Dutta also likes to emphasise that no one is anti-development by default. Coverage of protests and court cases can contribute to a sense that farmers will oppose anything near them, and environmentalists would like all industrial activity to stop, but that is far from the case, he says. No more than 1% of the lakhs of projects cleared at the central and state levels in India each year meet with public objection. A fraction of those makes it to the courts. And of the cases that make it to the courts, quite a few are settled in favour of the industrial project.

“We realised that to actually make an impact, we would need to scale up and make peace with losing,” Dutta says. “When we started, we’d file about 50 cases a year and lose most of them on a technicality — either the case was filed too late, or the petitioner didn’t qualify as an aggrieved party.”

But the few cases that are won help set precedents to bring about meaningful change.

And even when they lost, they were making an impact. “We lost the Ashapura mining case in Maharashtra because we missed a filing deadline, but it was hard for the media and government to ignore the fact that their Environment Impact Assessment report was a copy paste of a report for a Russian bauxite mine, complete with names of rivers and animals from Russia,” Choudhary says.

Increasing the volume of cases also serves another purpose: Everyone involved learns about the intricacies involved, including the judges.

Of all their achievements, Dutta says one of their greatest has been that they have found ways to put the power in the hands of the people.

Today, LIFE’s work also includes conducting training and capacity buildings workshops with local communities. In coastal regions, they teach fisherfolk about their rights under coastal regulation zone norms. “We tell them what is permissible, what is not, how to look out for a violation and where they should go if they spot one.” They work with Biodiversity Management Committees at the local level.

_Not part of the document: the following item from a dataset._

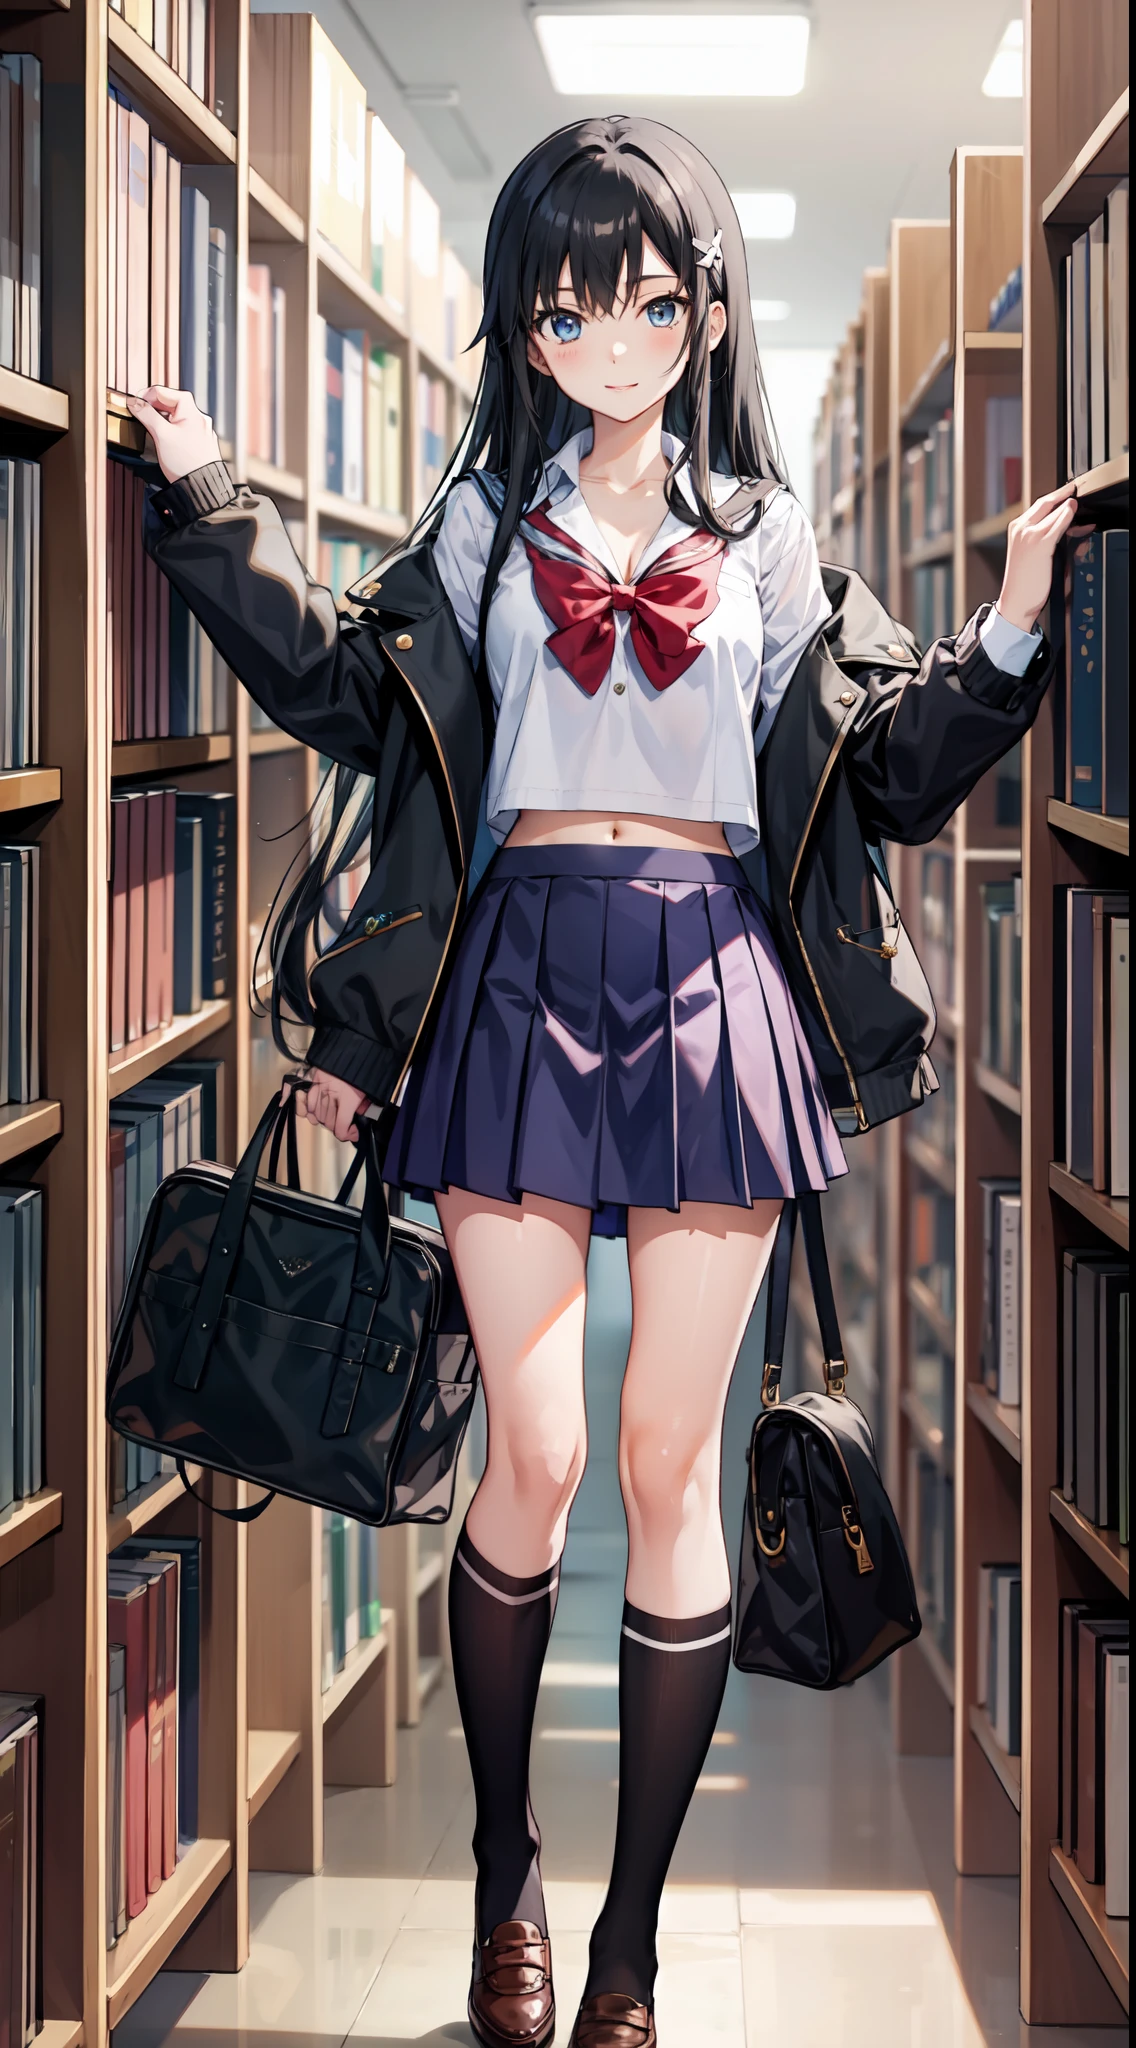 yukino yukinoshita, 長い髪, 胸の谷間, へそ, 細い脚, 黒髪, 青い目,  短いスカート, サイハイソックス, ティーン, ハッピー, , 図書館, 立っている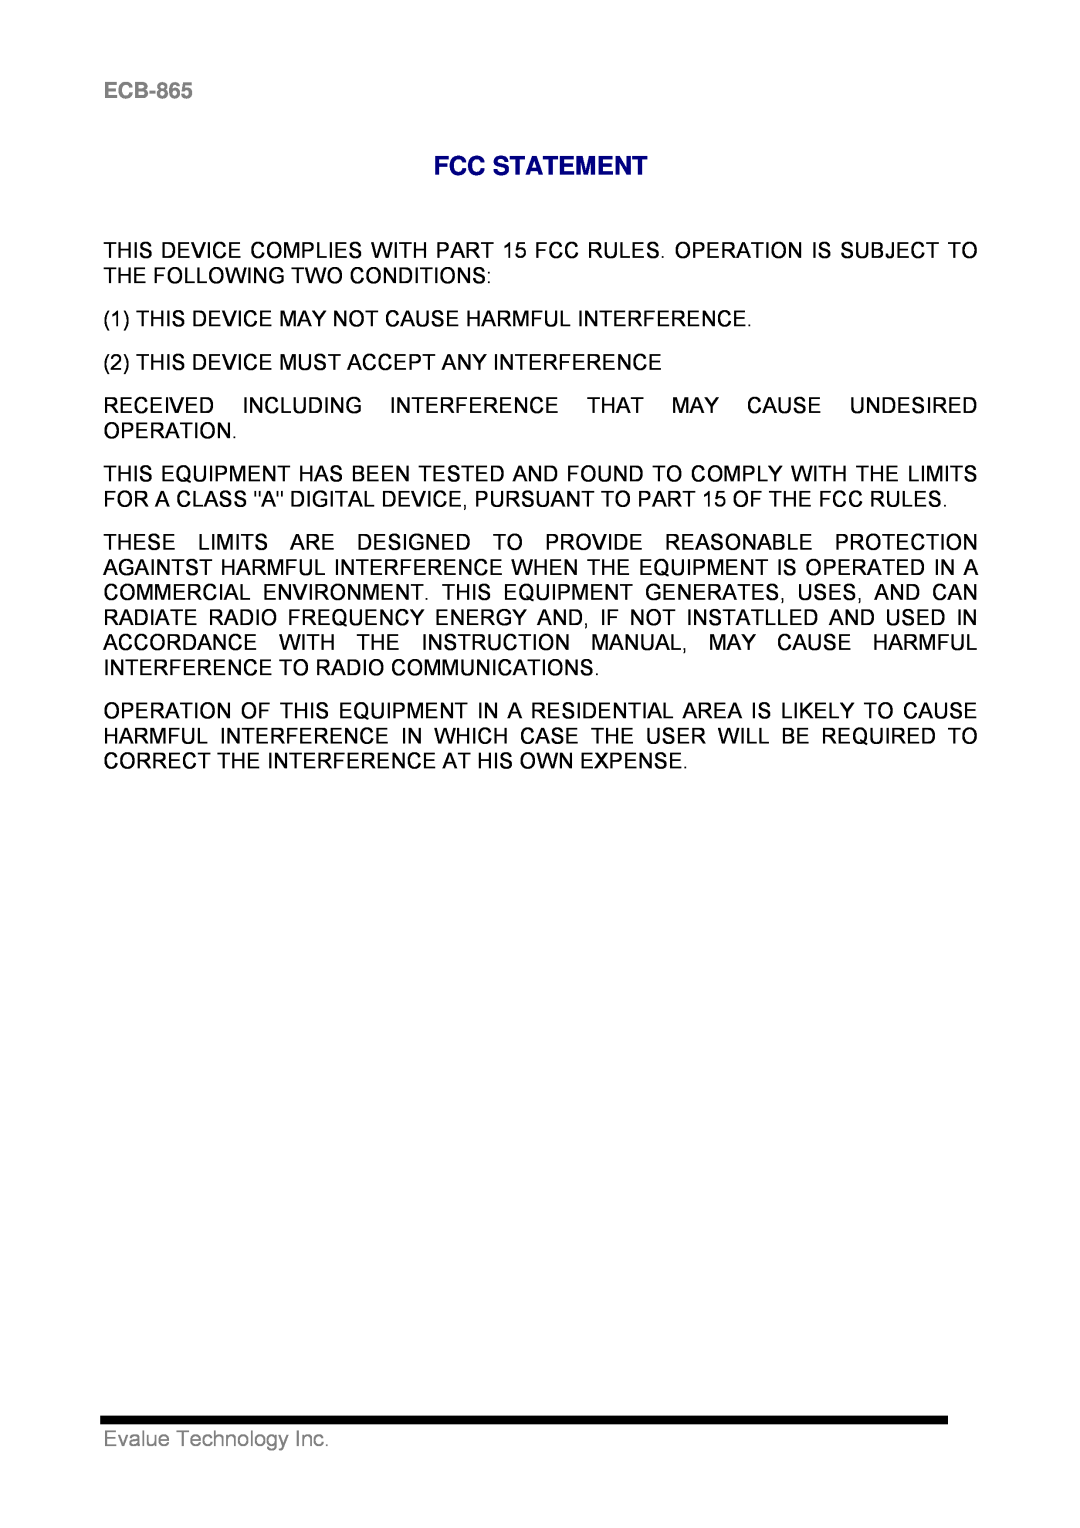 Intel ECB-865 user manual Fcc Statement, Evalue Technology Inc

“I believe LIFE’s unique attribute is its emphasis on promoting what it calls ‘environmental democracy’ through its legal work,” says Souparno Banerjee, outreach director at the think tank Centre for Science and Environment. “For a nation which continues to labour under inequity at every stage, at a time when we are buffeted by multiple crises ranging from climate change to zoonosis-driven pandemics, institutions like LIFE need to be nurtured, strengthened and supported.”

As the Right Livelihood awards statement put it: LIFE was chosen for its “innovative legal work empowering communities to protect their resources in the pursuit of environmental democracy in India.”